だが、第七分隊の面々がそれに気づくことはない。部隊の先頭に立って道を切り開くオリヴィアは、登山の技術や狩猟技能には優れている。獲物の痕跡を見つけ出し、迅速にその跡を負って狩ることに関しては、他のものを寄せ付けない技量を誇るだろう――だが、そうした技能が発揮されるのは、あくまで自らが「狩る側」に立った場合に限られる。

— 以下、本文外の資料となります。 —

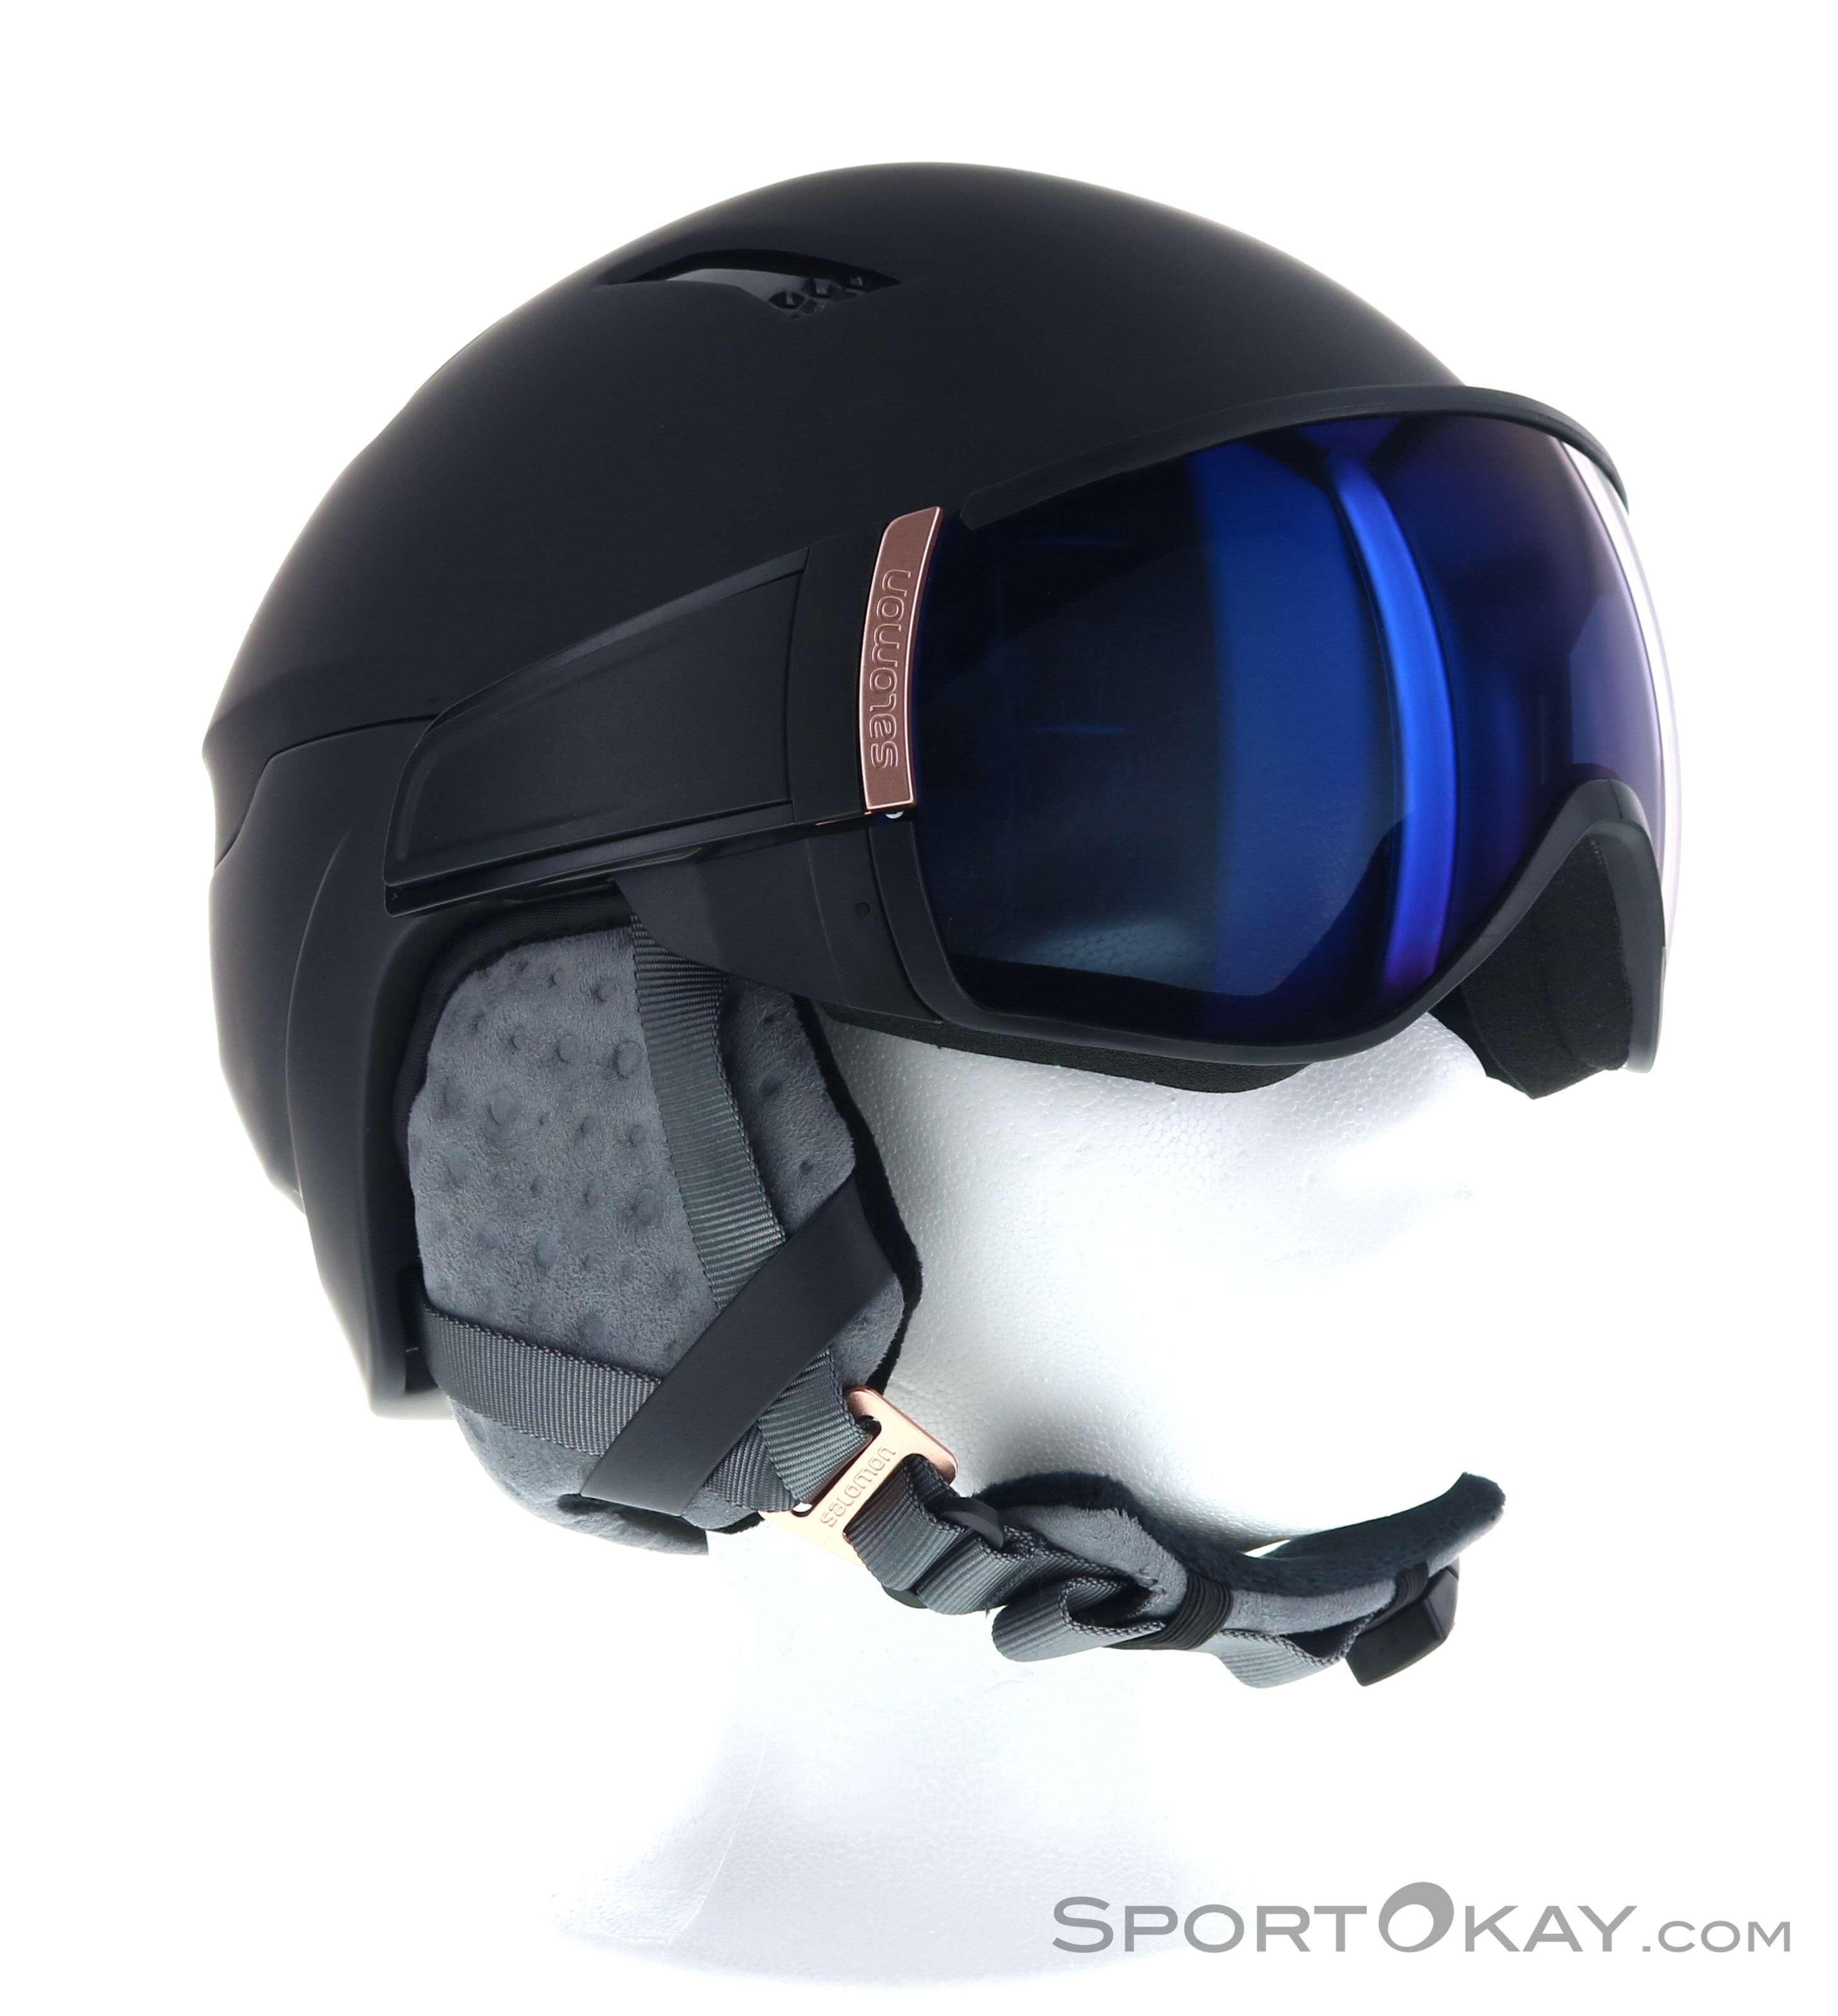 Parpadeo Percibir Celo  Salomon Mirage Womens Ski Helmet - Ski Helmets - Ski Helmets & Accessory -  Ski & Freeride - All

自分が狩られるものとなることを、彼女は一切想定していなかった。
「ゆっくりでいいからね。僕の後ろについてきてくれたらそれで十分さ――一番歩きやすい道を探すから、楽をして早くゴールしよう」
『了解!』
部隊の全員に声を掛けながら、オリヴィアは森の中を進んでいく。山仕事であるならば、互いに声を掛け合って進むのは常道――だが、彼女の「常識」がこの場において全て通じるというわけではない。仲間を思って掛けたその一言は、確かに猛獣の耳に届いていた。
「いいペースだよ。この調子なら、すぐに――」
登りきれそうだ、とオリヴィアが言おうとしたそのとき、突如として彼女の真横の藪が揺れた。ぎょっとして目を見開く――その瞬間、素早く伸びた強靭な腕がオリヴィアの喉を掴み、容赦なく木に叩きつけていた。がは、と息を吐いてオリヴィアが苦悶に表情を歪める。
他の五人は思わず立ち止まったが、その行為の結果は最後尾に立っていたアイリスに容赦なく降り掛かった。突然襟元を強く掴まれたかと思うと、彼女はうつ伏せにねじ伏せられた。何事かと思って藻掻いた途端、鋭く研ぎ澄まされたマチェットナイフが首筋を掠めて地面に突き立ち、頭上からは穏やかな――だが、ナイフと同じく鋭く尖った言葉が降ってきた。
「動かないでくださいな、クソッタレのウジ虫さん――はい、分隊員の皆さんも動かないでくださいまし。一歩でも動いたらこのフンコロガシを地面に縫い付けましてよ。模擬銃を捨てて、銃剣を持っている」
顔を上げるまでもない――リーアに捕まったということを知り、アイリスはぎりり、と歯噛みした。部隊の全員が手にしていた模擬銃を捨てる音が聞こえ、それに続いてベアトリクスの言葉が辺りに響いた。